Anxiety attacks are the early symbols of neural disorders. Most of the time's you not find a reason to have anxiety in mind. 
Symptom #3: Mobility issues 
Are you facing some problems in controlling the parts of your body like the arms and legs? It can be some mild symptoms at the beginning. But it can increase with time causing
Trouble in walking
Trouble to write
Speech disorders
The doctors always consider the roles of protein misfolding in such cases that can relate to neurodegenerative diseases.  
Symptom #4: Unnecessary agitation 
Do you feel irritated all the time? If it is only during some specific times, especially the menstrual cycles, it is normal. But it is not normal to have the feeling of agitation all the time. It can be a hint to check your neurological status that may show up some trouble.  

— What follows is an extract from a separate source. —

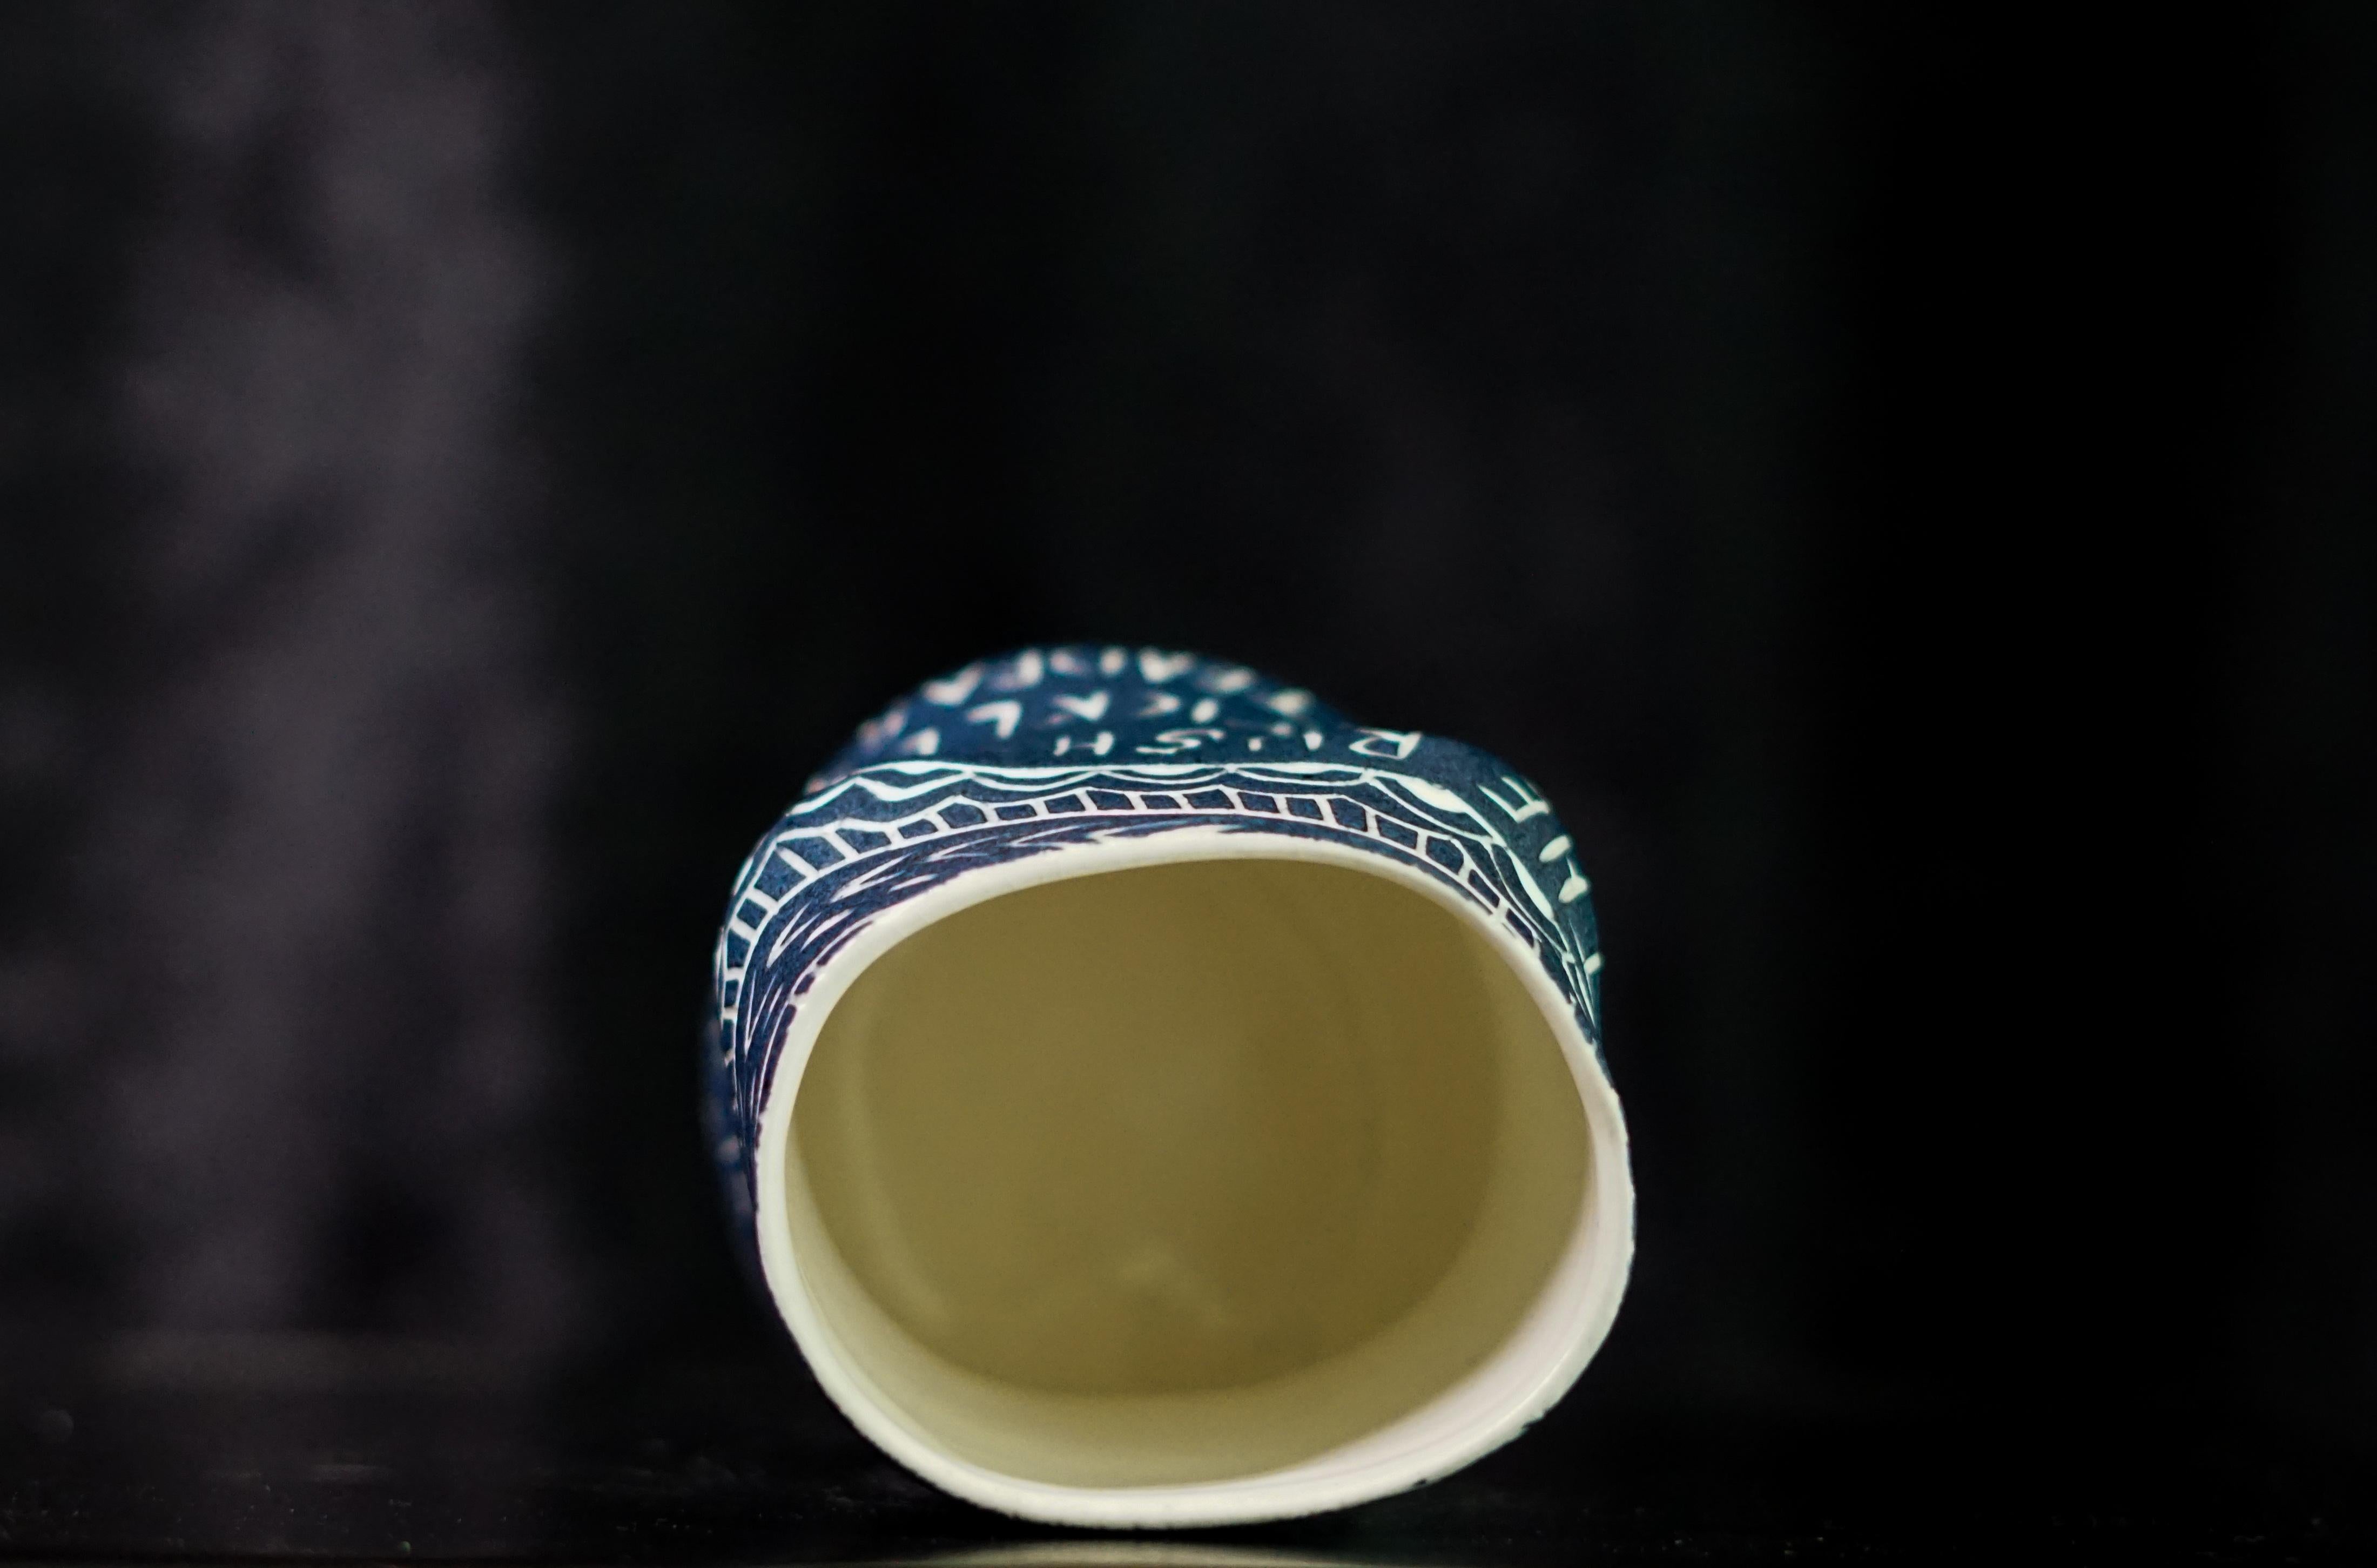 “The Rush of Love..” Porcelain cup with sgraffito detailing by the artist For Sale 2

Quick changes of mood and frequent mood swings without any other related health issues will always imply that you are suffering from some neural problems.  
Symptom #5: Memory and language 
The initial symptoms of issues related to memory are often hard to detect as people tend to forget things all the time. But when the trouble affects your language memory. It is a serious concern. 
The role of protein misfolding in disease is undeniable. And it is also difficult to diagnose the symptoms as most of neural degenerative diseases have related symptoms. Visit a professional if you think you are suffering from something that is above your knowledge. 
And if you see someone suffering from the above symptoms, there is no harm in consulting medical professionals. You can slow down the deterioration of neural degeneration with timely medical assistance. 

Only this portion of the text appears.